Acknowledging and discussing the emotion generated in clinicians by patient encounters.
Recognising that remote consultations may not always generate the same level of connection as in-person consultations and offering patients a choice of which to book, regardless of their presenting symptom.
Devolving the management of performance targets to administrative teams and away from clinicians where possible.

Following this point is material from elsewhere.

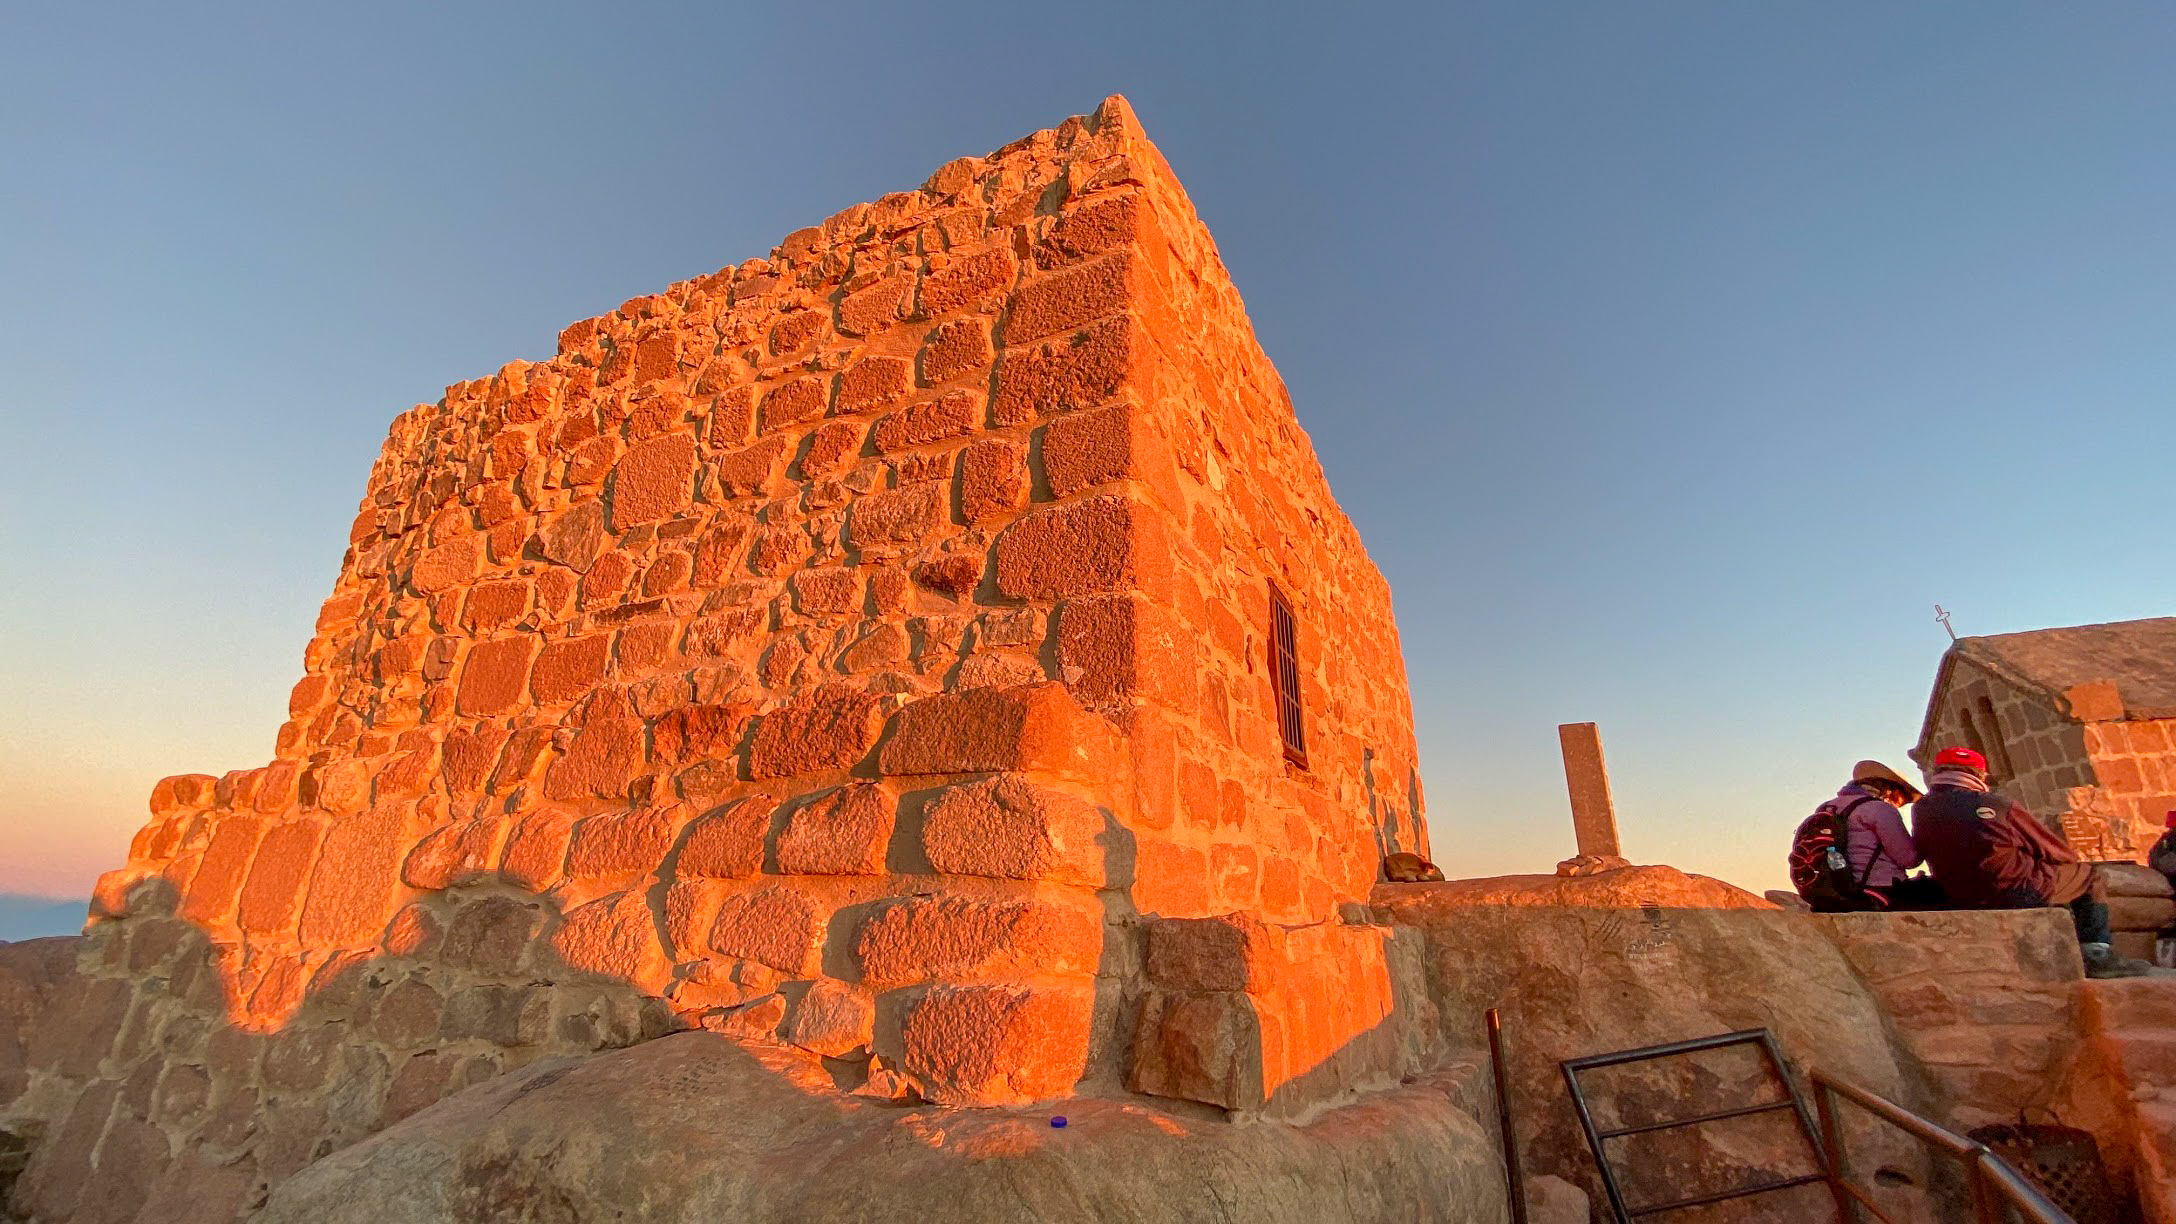 The orange glow of sunrise on a brick wall at the summit of Mount Sinai, Egypt

Changing the way we assess our performance so that it is measured on connection and emotional engagement as well as on clinical competence. Such measures have already been developed and we can choose to use them.9
Considering this on a macro-level with reference to health policy, the following are examples of changes that are aligned with a hermeneutic approach:
reducing and rationalising the number of targets that practices are given, taking into account the time required to implement them, the reality of overmedicalisation, and the limited absolute benefit of many biomedical interventions;
rethinking and augmenting mandatory training, recognising the difference between information transfer and creation of meaning; and
forging closer links with community organisations, thinking about health in its wider context, and actively promoting health creation by taking an assets-based approach.10
However, even these actions by themselves are not enough. Doctors and other health professionals must have the courage to pursue a radically different relationship with government, media, and the establishment as a whole: one that calls out injustice, whether it is the insidious process of defunding, privatisation, asset-stripping, and profit-seeking in the NHS; or the inhumane treatment of asylum seekers in detention centres; or economic policies that deepen social inequality and therefore drive unequal health outcomes. We would like to see all our professional institutions, including the Royal College of General Practitioners and the British Medical Association mount active, vehement protest against such policies. The price of staying silent is too high.
TOWARDS A MORAL ERA
Don Berwick described three eras of medicine.11 The first was the era of the doctor as a figure of unchallenged authority. The second is the one we find ourselves in now in general practice, where regulation, output, and measurement dictate our actions. What we must do is move into the third era he describes — a moral era. We can do this by promoting relational care that is embedded within our local communities and by mounting resistance to health policies that have the effect of destroying meaning, instead engendering cruelty, blur, and fragmentation.12
Working within the hermeneutic window entails making values and roles explicit. This moral dimension has the potential to improve the quality of care provided to patients as well as stemming the exodus of professionals from general practice, by reinforcing the sense of vocation that drew students to study medicine in the first place. By finding and creating meaning, both doctors and patients can locate a sense of purpose and hope. This involves challenging injustice, both on a local and systemic level.